_The data_:
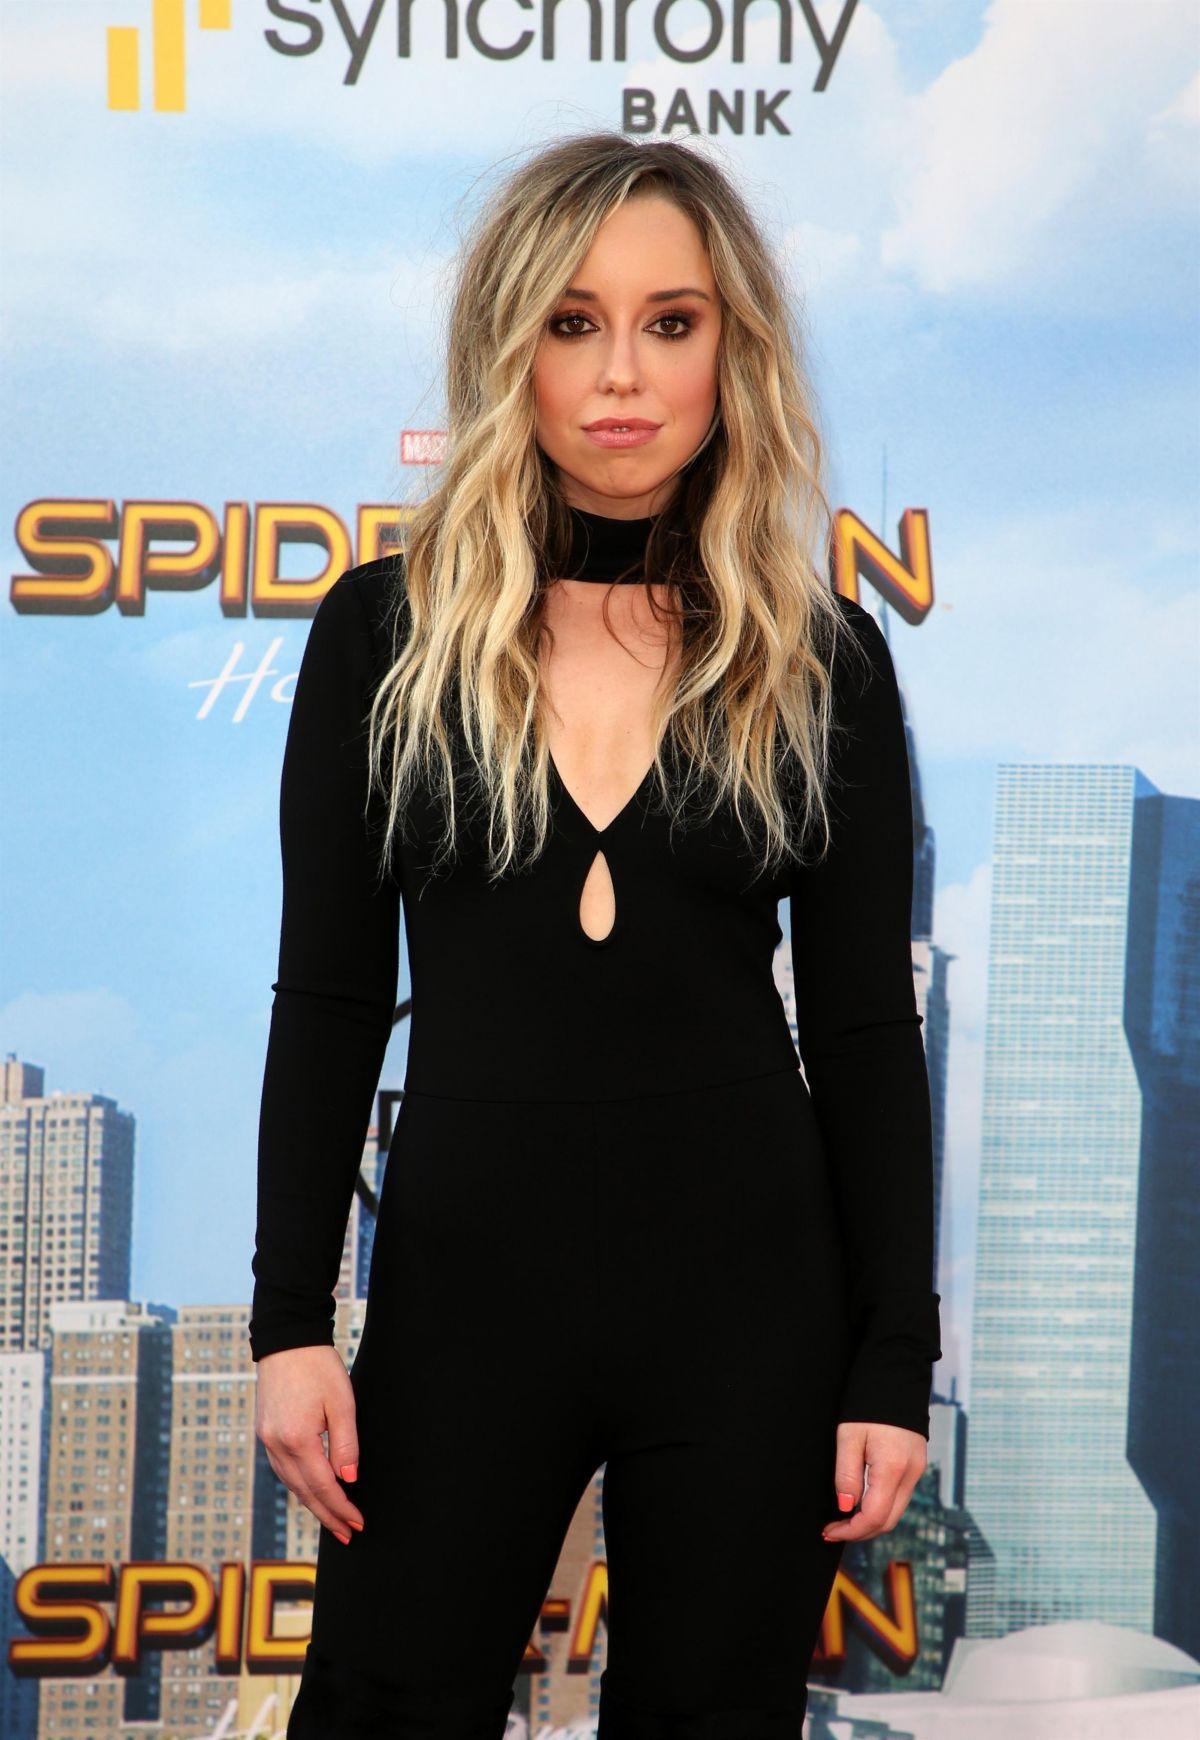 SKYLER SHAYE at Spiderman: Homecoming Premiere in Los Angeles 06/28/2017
...
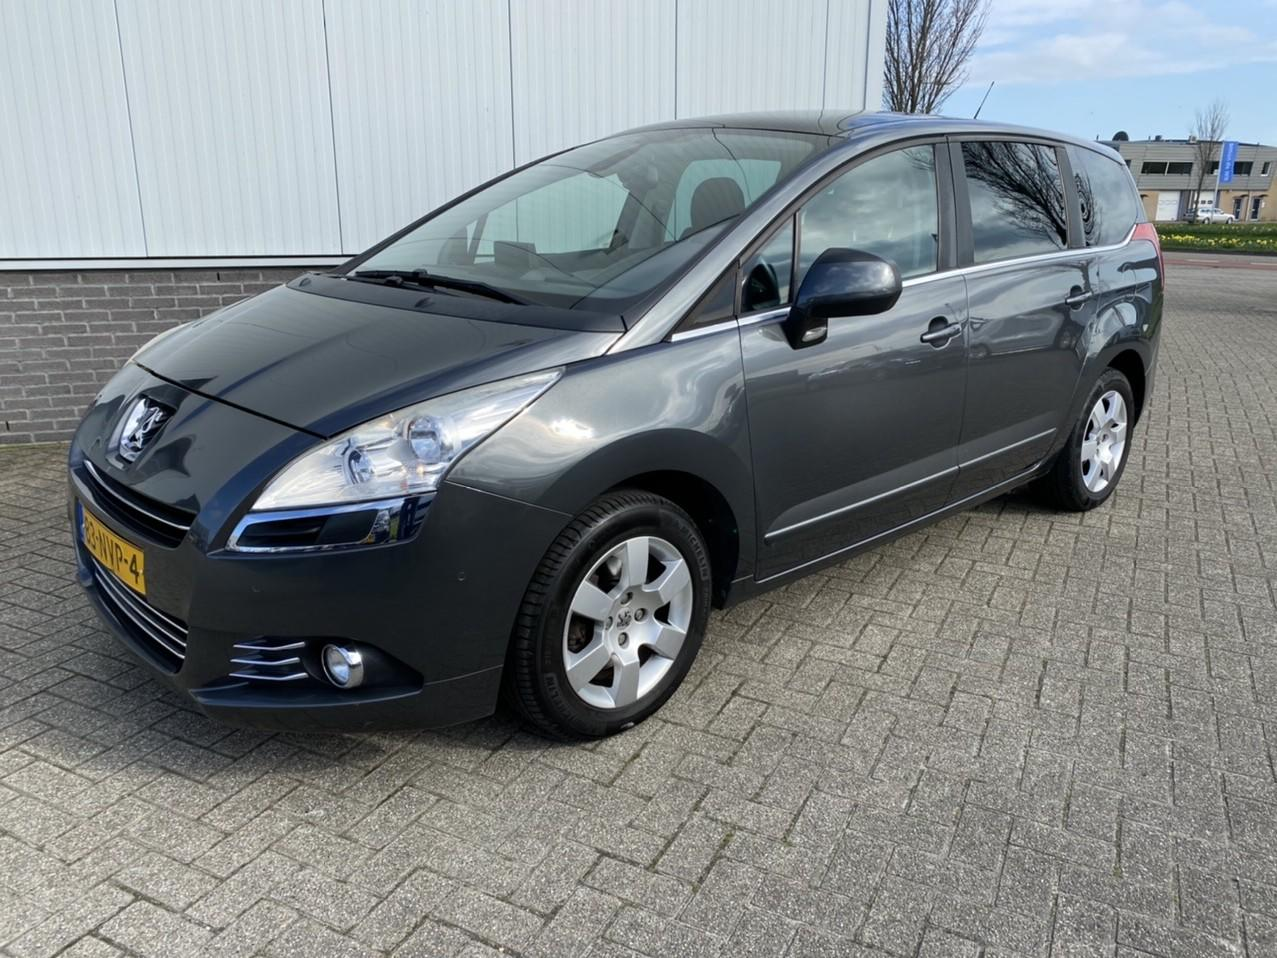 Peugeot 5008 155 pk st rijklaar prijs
...
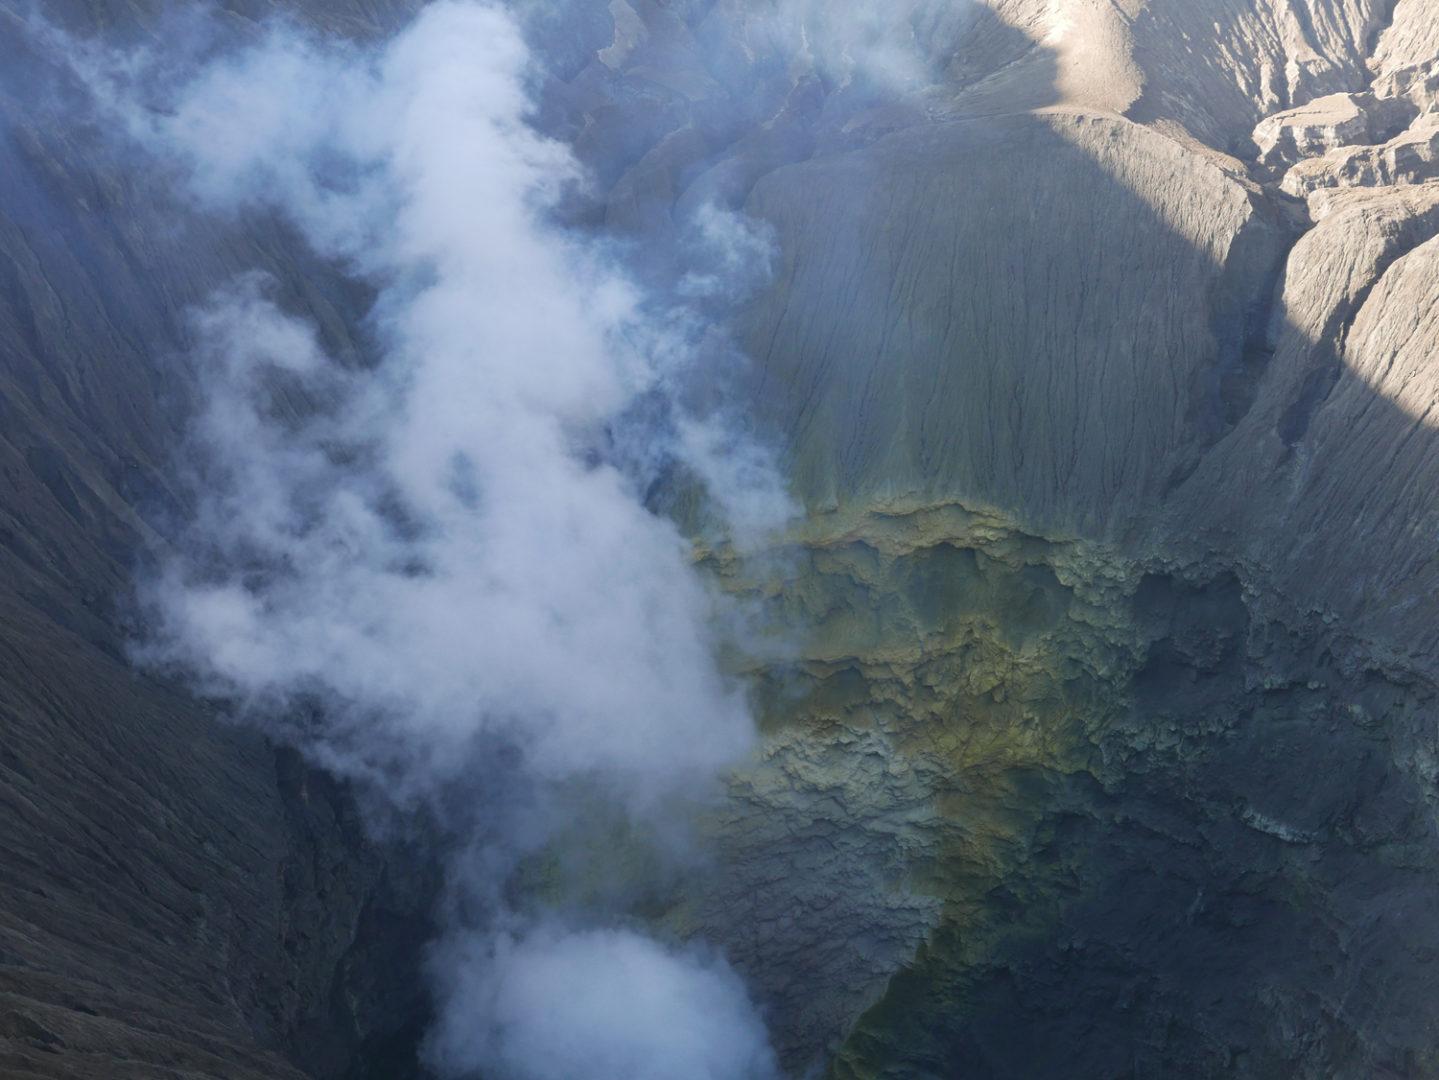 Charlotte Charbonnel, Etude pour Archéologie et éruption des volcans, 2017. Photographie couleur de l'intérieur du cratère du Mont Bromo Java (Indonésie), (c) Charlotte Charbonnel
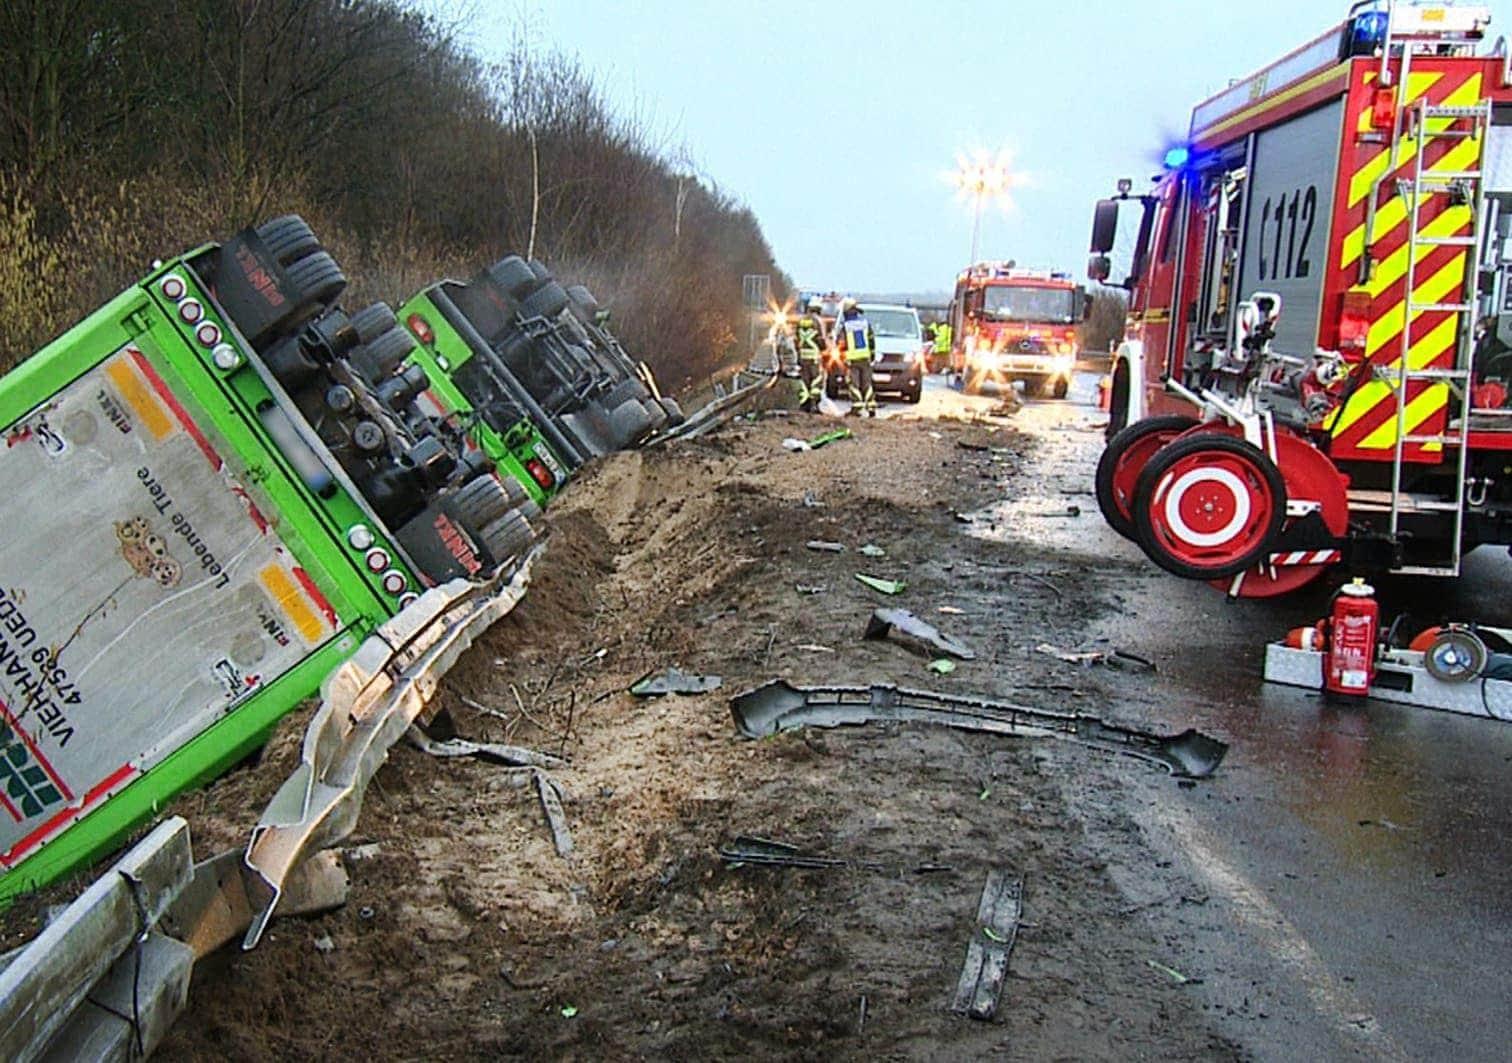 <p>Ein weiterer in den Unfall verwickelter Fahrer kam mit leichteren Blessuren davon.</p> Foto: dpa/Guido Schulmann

_Work order_: Keep to the lines above from the line with "Charlotte Charbonnel, Etude" to the line with "<p>Ein weiterer in", and set down exactly those, inclusive, with nothing else and every picture left out.

_Response to the exercise_:
 Charlotte Charbonnel, Etude pour Archéologie et éruption des volcans, 2017. Photographie couleur de l'intérieur du cratère du Mont Bromo Java (Indonésie), (c) Charlotte Charbonnel
 <p>Ein weiterer in den Unfall verwickelter Fahrer kam mit leichteren Blessuren davon.</p> Foto: dpa/Guido Schulmann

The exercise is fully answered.